◆ Input ◆
────────────────────
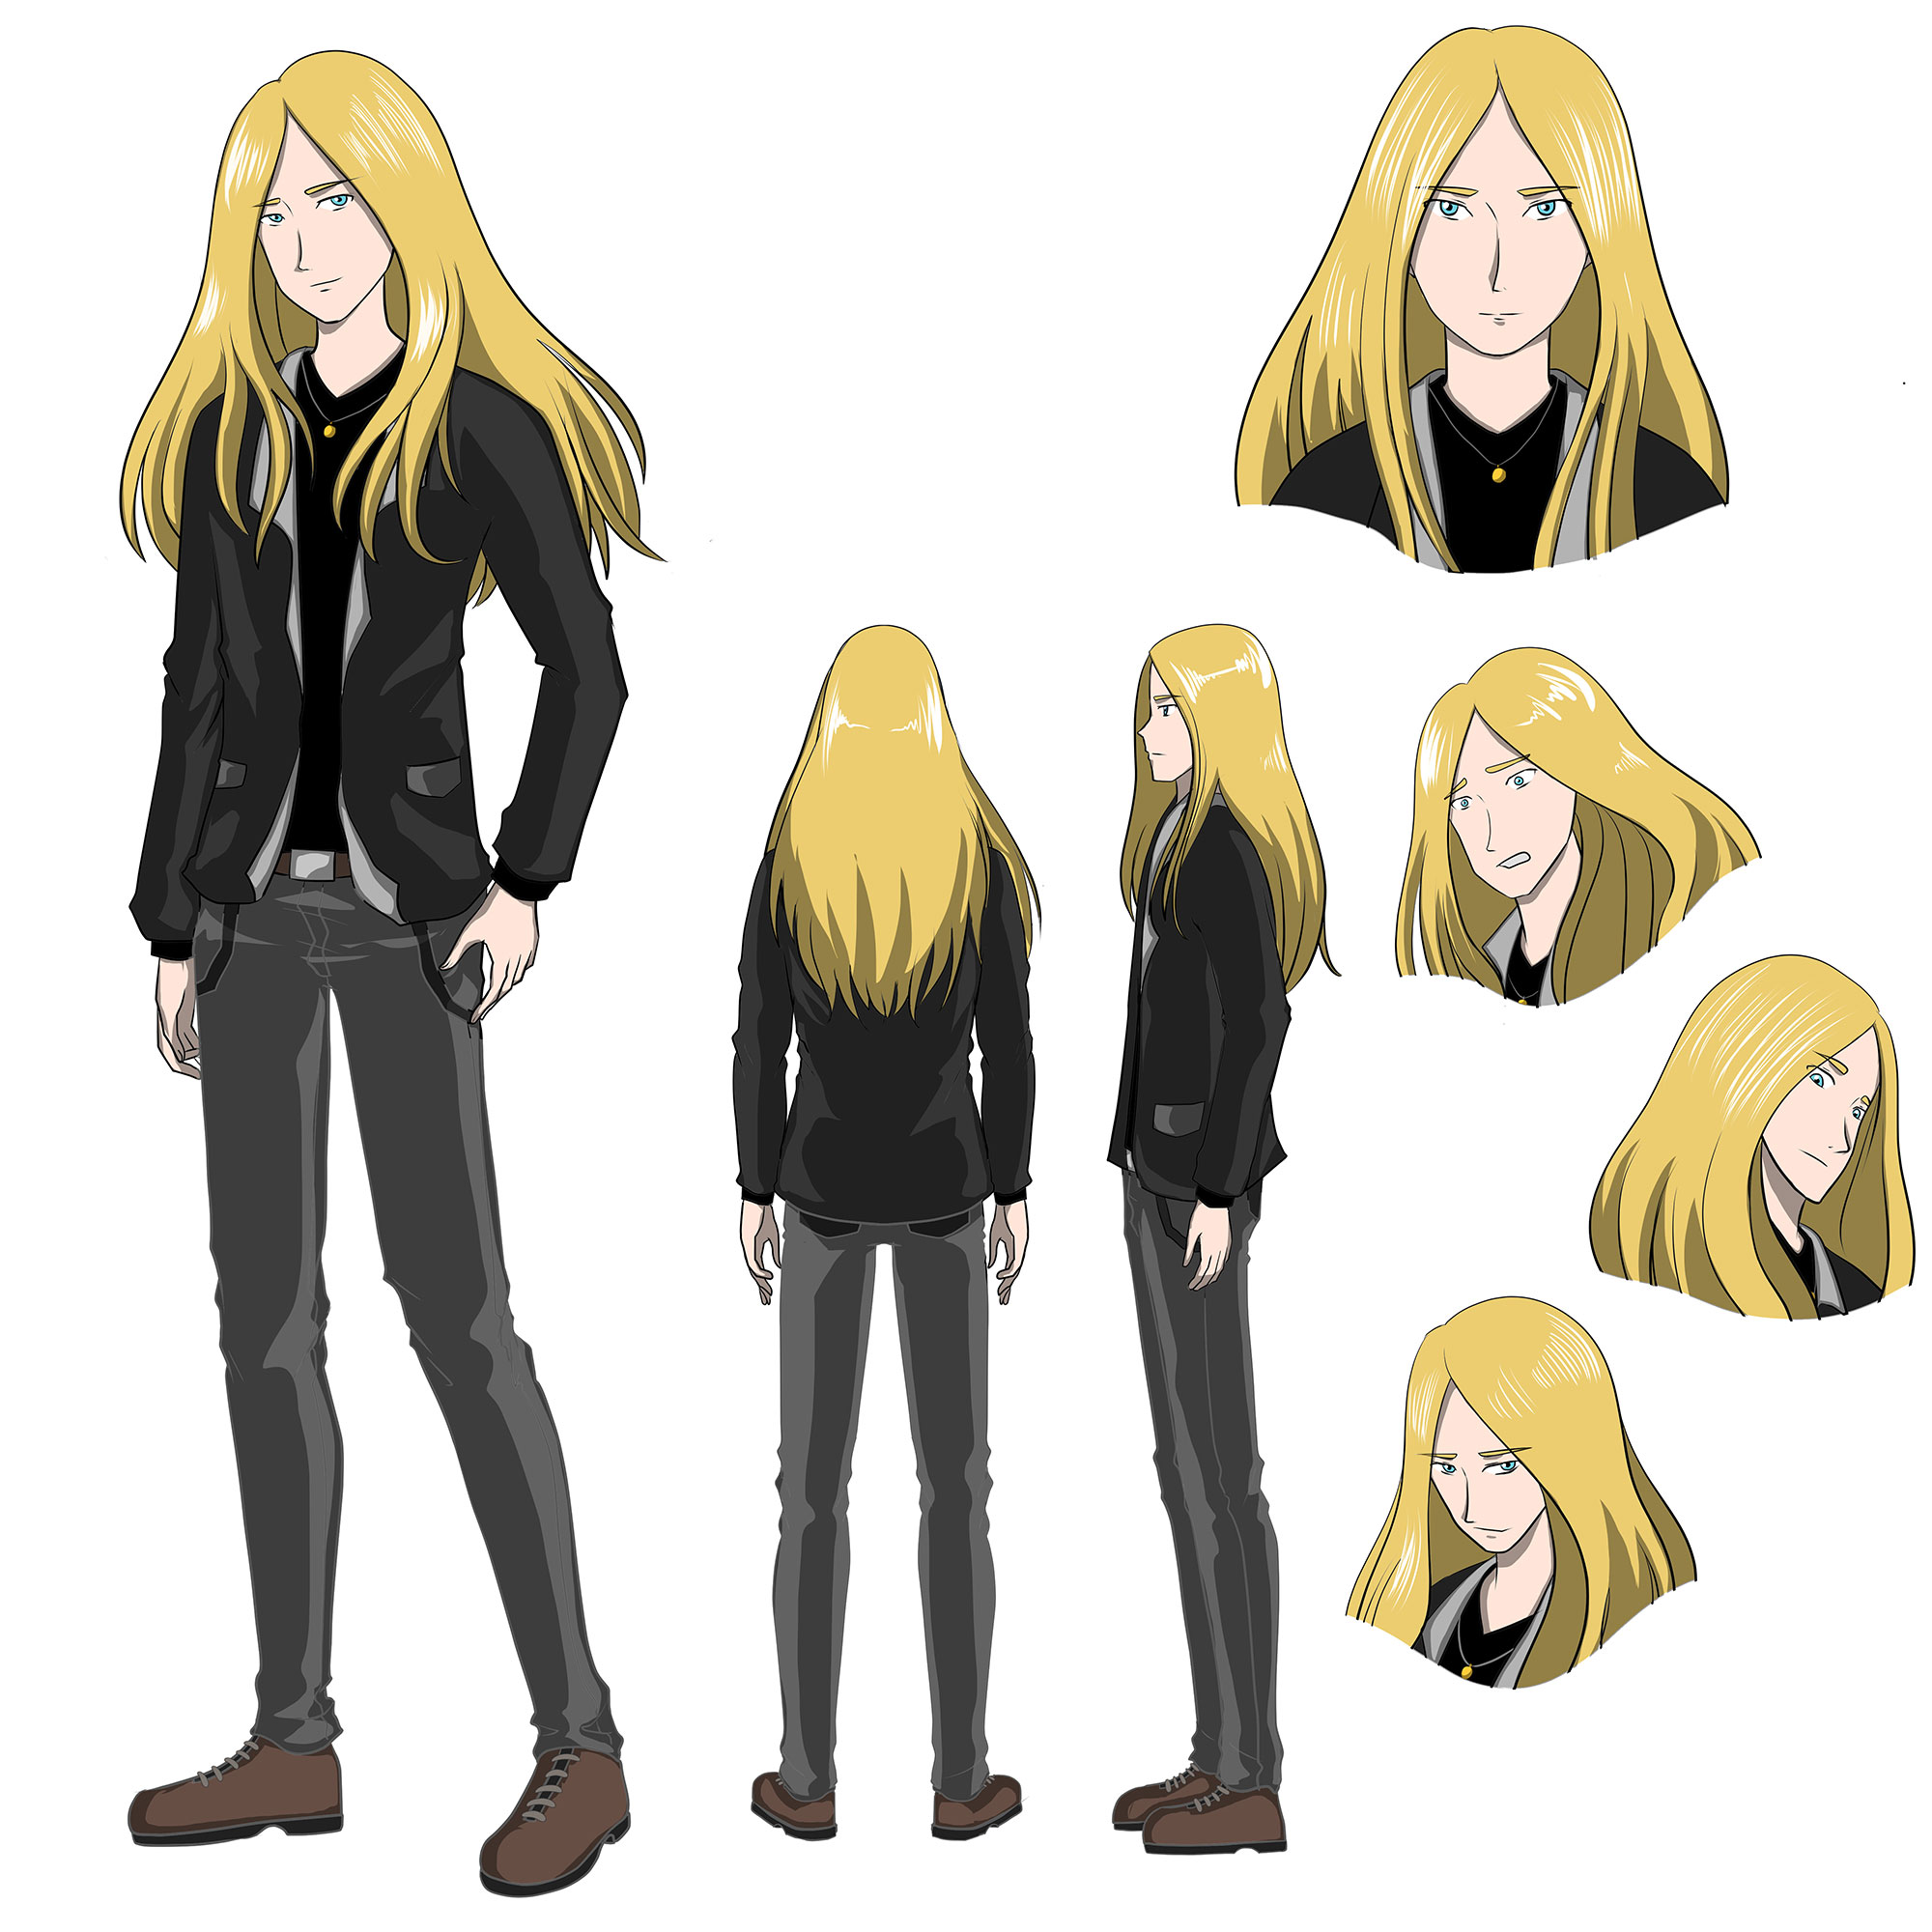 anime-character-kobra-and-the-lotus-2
────────────────────
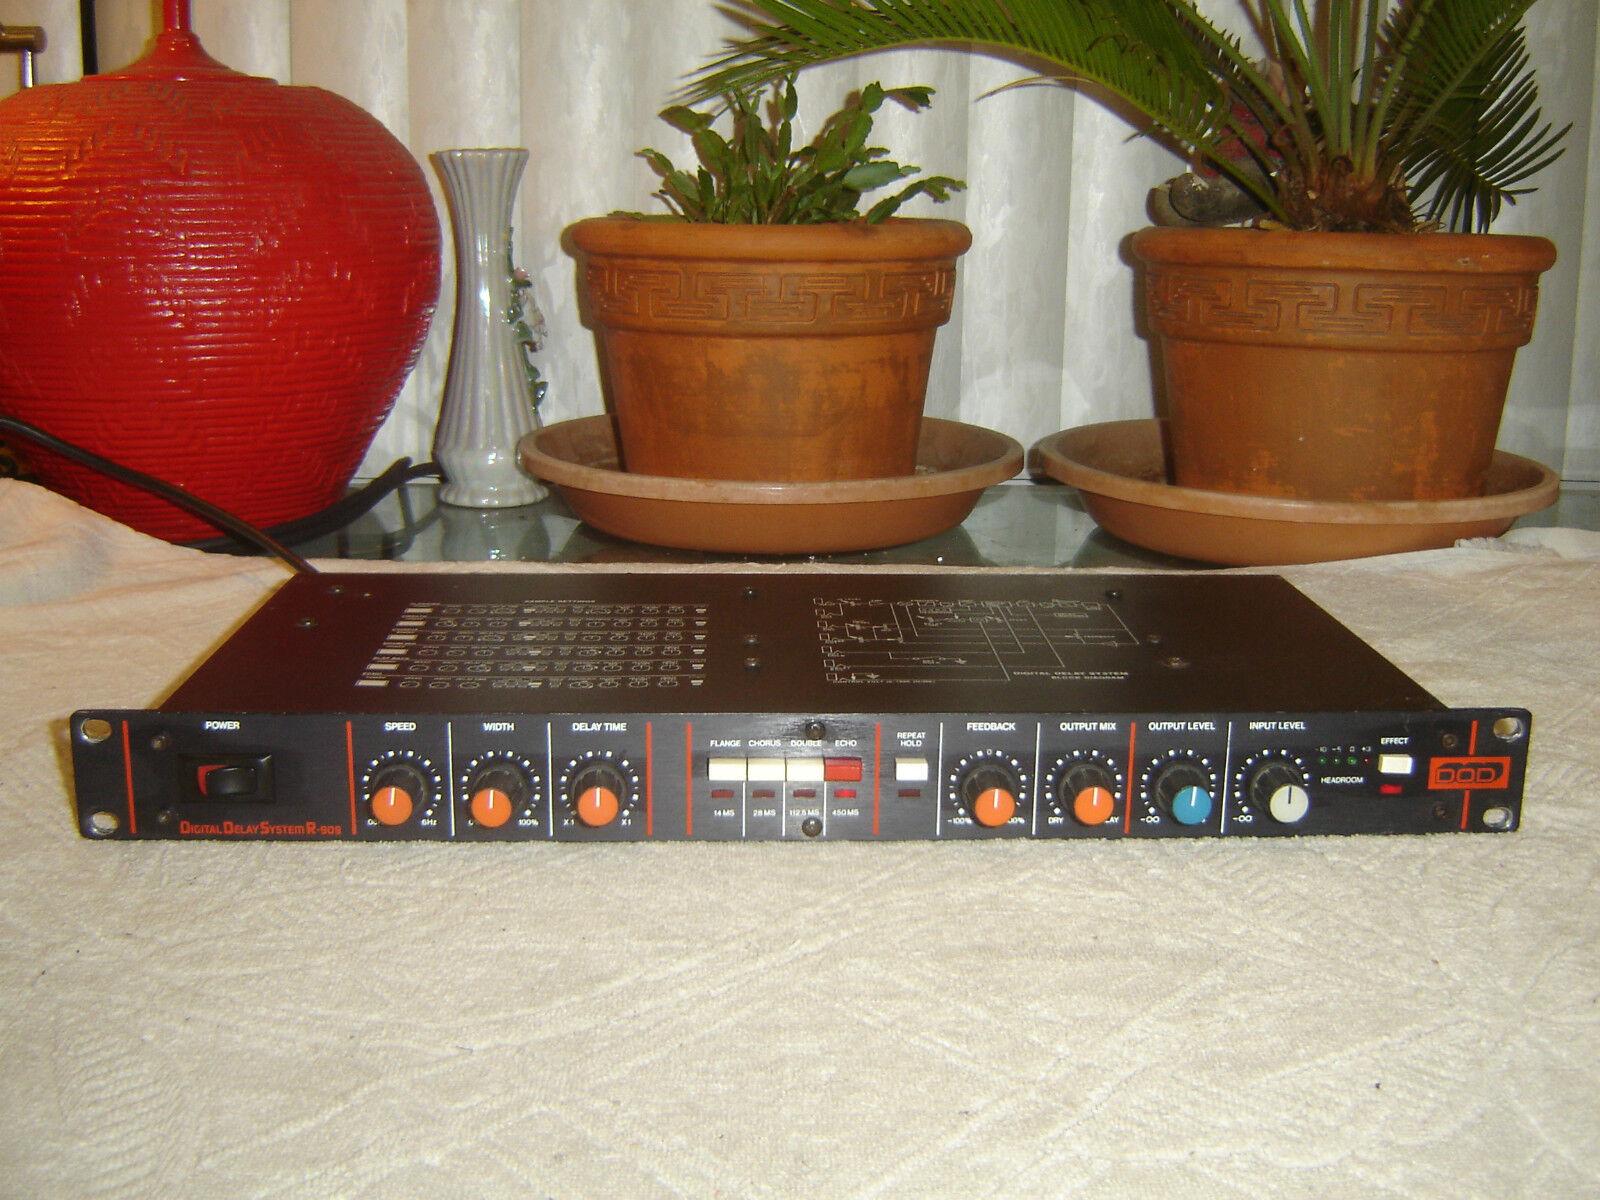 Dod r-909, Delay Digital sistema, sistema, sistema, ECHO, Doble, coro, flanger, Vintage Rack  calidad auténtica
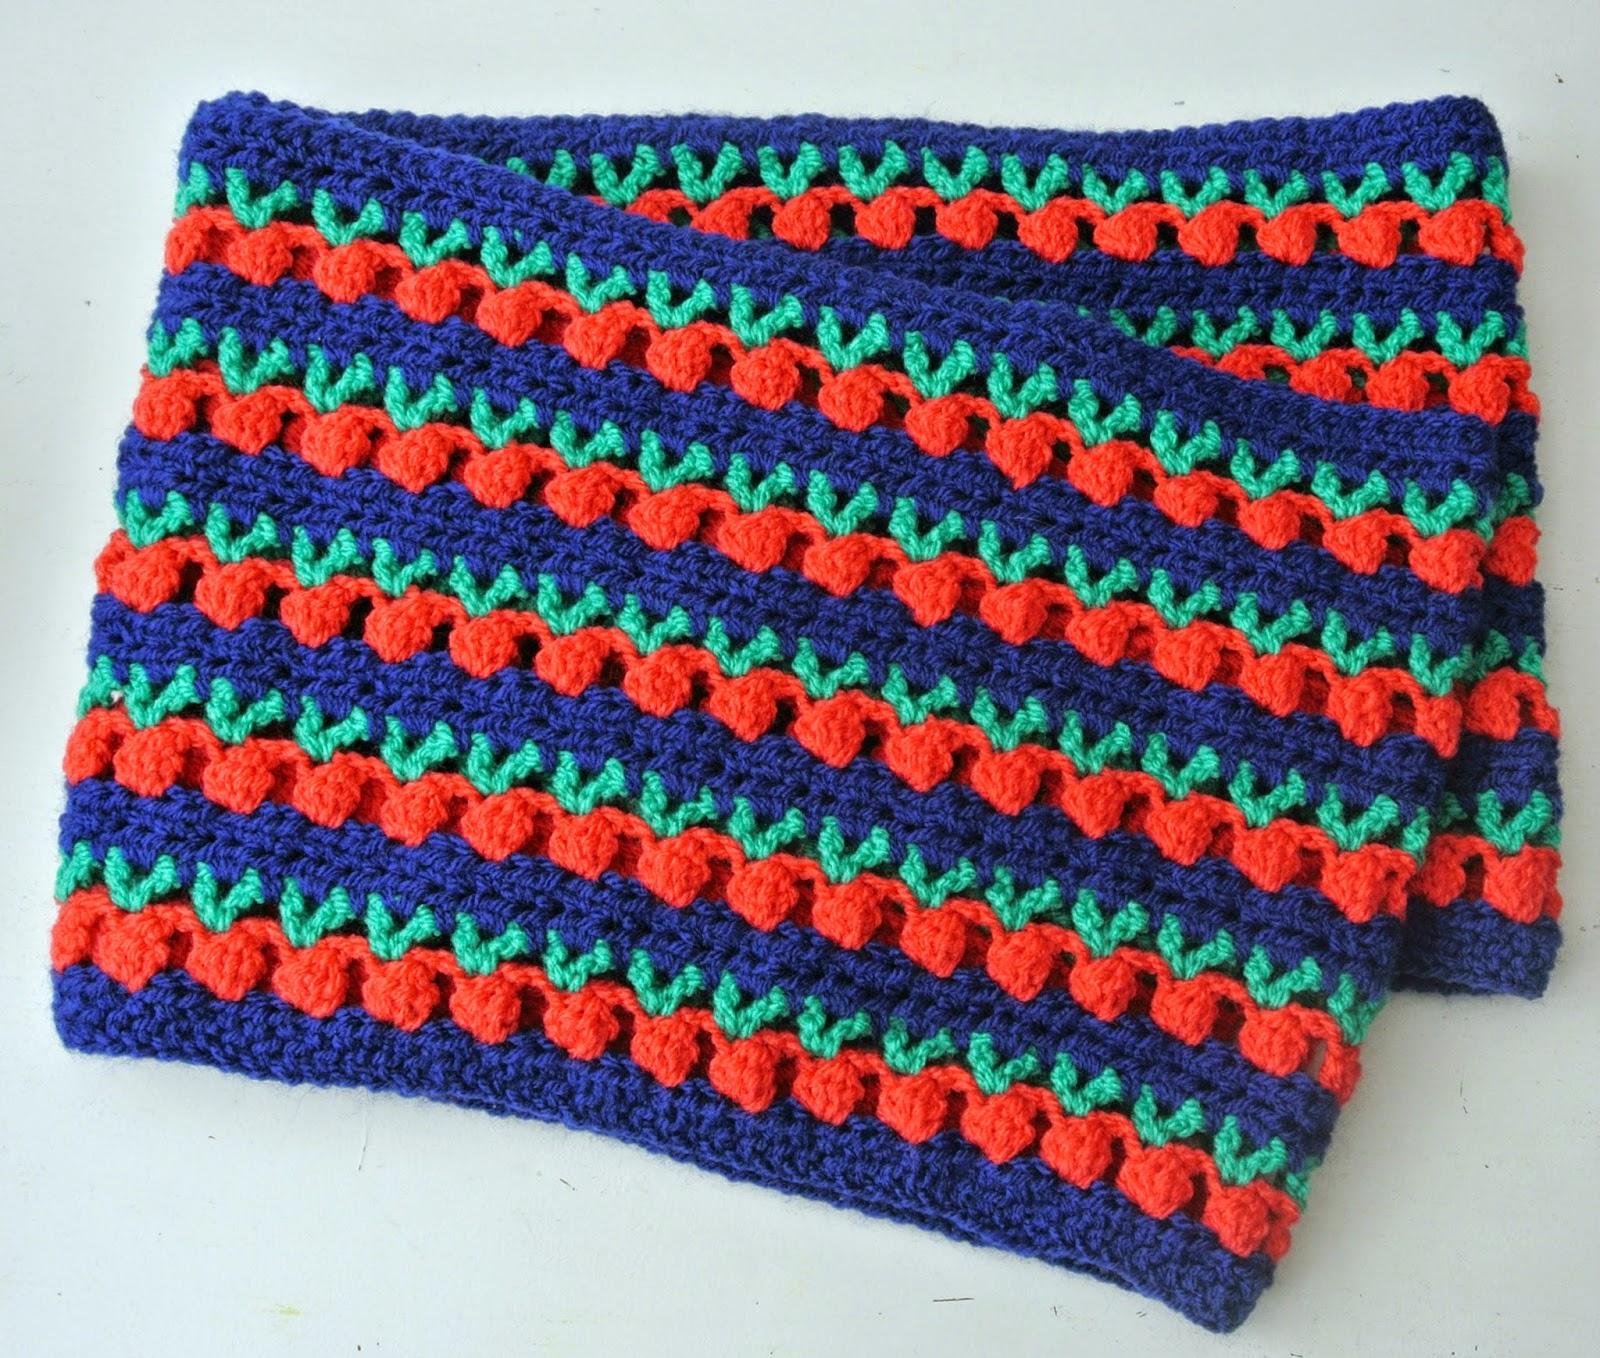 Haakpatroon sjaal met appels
────────────────────
◆ Instructions for the task ◆
Drop the pictures; return the lines above from the line containing "Dod r-909, Delay" to the line containing "Haakpatroon sjaal met appels", both included, exactly.

◆ Solution for this task ◆
 Dod r-909, Delay Digital sistema, sistema, sistema, ECHO, Doble, coro, flanger, Vintage Rack  calidad auténtica
 Haakpatroon sjaal met appels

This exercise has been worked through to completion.